At 4 a. m., under a sky clear except for a few flaky, high clouds, the climbers left the lodge, 16 on skis with "climbers,"* four on snowshoes. They followed a snow-tractor's broad track for two miles, then cached snowshoes and skis and began to hike. At a chute near a crag called Crater Rock, they affixed crampons (spikes) to their boots to insure their footing on ice. Split into three strings, they followed two trailbreakers, cutting steps ahead, up Zig Zag draw to the west of Crater Rock, to within 50 feet of the top ridge.
Suddenly a squall struck the party. Rare air, steeps, ice are hazards climbers expect to overcome, but blizzards and high wind are hazards they run away from. Leader Joe Leuthold at once gave the order to descend. The wind was so sharp the Mazamas had to back down the draw. Ice crusted their goggles; sleet froze on their faces and clothes. After the party had reached the base of the chute, they broke strings, reassembled, continued the descent. Some of them were not dressed warmly enough for the extreme cold.
Leader Leuthold noticed that Mrs. Dorothy Clark, one of the party's two women, and Roy Varney, a veteran climber from Oregon City, were lagging, staggering. Varney said he could hardly see. Two Mazamas, themselves weak, were assigned to support each of them. Then Leader Leuthold broke a climbing rule--that an expedition's leader, like a sea captain, must follow all others out of trouble. He donned skis, tumbled, slid, rolled down to Timberline to fetch the snow tractor.
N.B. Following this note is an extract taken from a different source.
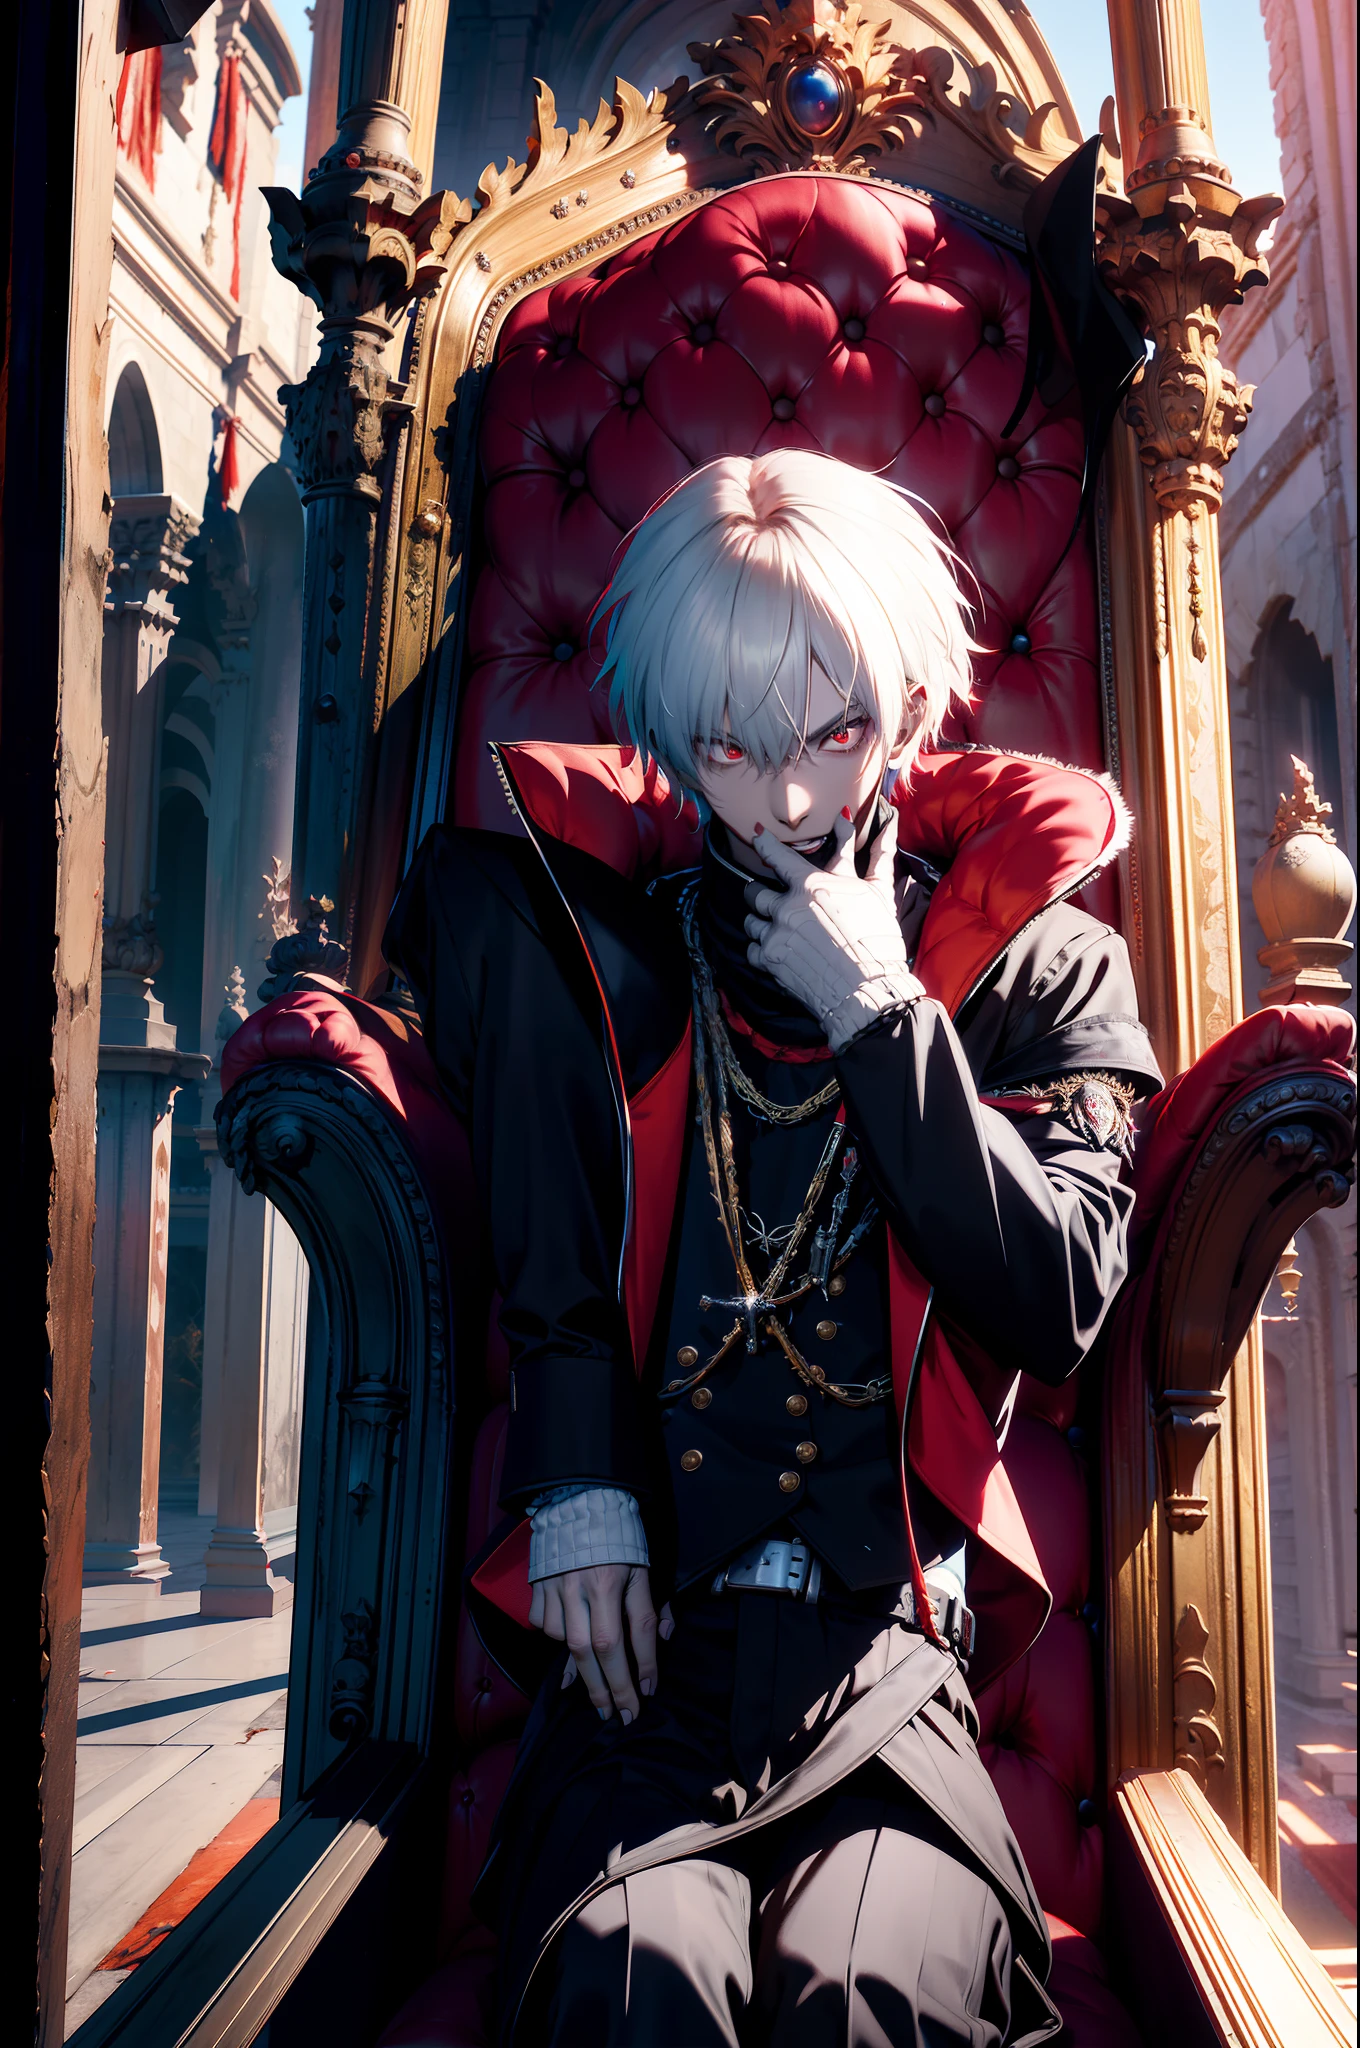 A white-haired, red-eyed prince sits on a majestic throne inside an abandoned palace. The environment around him is dark and gloomy, with evil red eyes in the walls and cobwebs hanging there. The throne is ornate, with details in gold and precious stones, and is covered by a dusty cloth. The protagonist is wearing royal clothing, with a kaneki expression on his face, as he stares at the horizon with glowing red eyes, masterpiece, best quality, ultra-detailed, illustration, 8k resolution concept art, fantasy art, epic art, concept art wallpaper 4k, deep color, natural lighting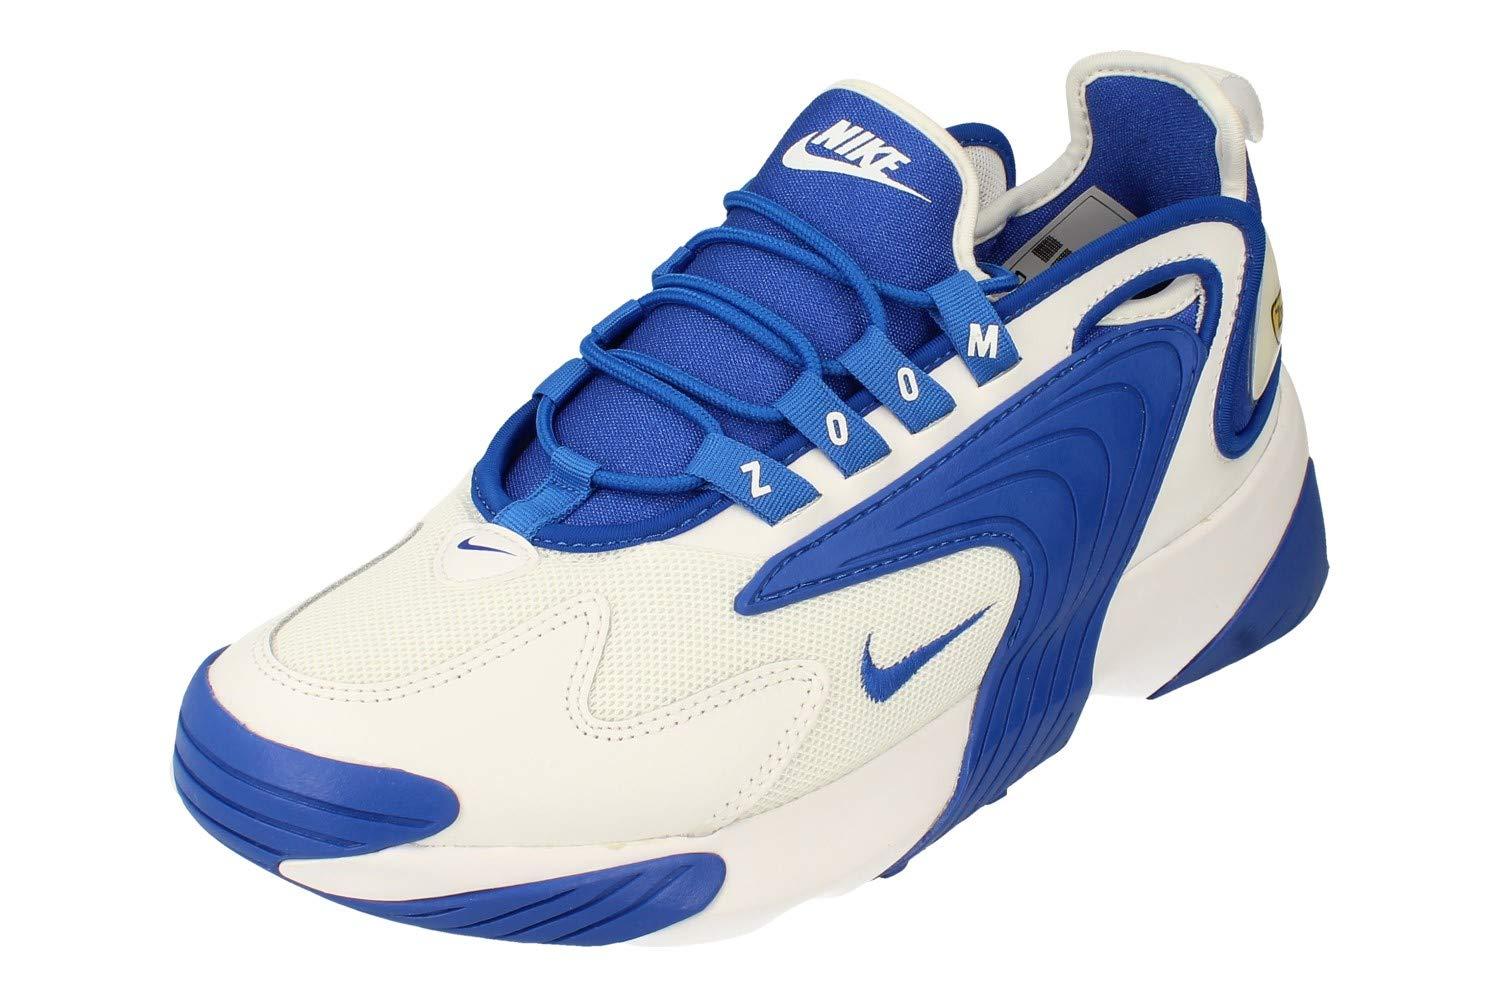 Nike Leather Zoom 2k in White Grey Blue (White) for Men - Save 64% - Lyst

At the lodge he found that the driver was miles away, the key lost.
Meanwhile, Mrs. Clark made the descent safely, but Varney collapsed. Three men lashed him to a pair of skis, tried to drag his body down. As they tugged the bogging load through fresh snow, Varney's arms slowly clinched above his head, stark frozen. In the end, almost frozen themselves, the three men abandoned their clubmate, limped to safety.
Next evening the Mazama Club assembled in their Portland headquarters to discuss Varney's death. As they talked they discovered to their horror that another of their party, Russell Gueffroy, a Vancouver teacher and electrician, had not been seen since he had picked up his skis at the cache near Crater Rock and had wandered down the mountainside. They learned that his car was still parked near Mazama Lodge, that he had not reported for work Monday morning. Next day the Mazama Club trudged up Mt. Hood again with little hope of finding Russell Gueffroy-under 19 inches of fresh powder snow.
After a fruitless 24 hours, the party stumbled on Gueffroy's skis. By prodding with bamboo poles through the new surface snow, searchers were able to tell where his feet had broken through the crust of the old snow. So they followed his trail, every few feet digging down to the crust to confirm their soundings. All that day and half the next they followed his confused, straggling steps deep into Sand Canyon.
The one thing freezing men want more than anything else is rest. Under the protecting branches of a tall fir tree in Sand Canyon they found Russell Gueffroy, less than two miles from safety, sitting down to rest, frozen, with one wrist fractured, his goggles still on his face, his knapsack still on his back.
*Climbers are strips of sealskin, canvas or plush attached to the bottom of the ski, or metallic flaps attached to the centre or back of the ski to assist in climbing slopes.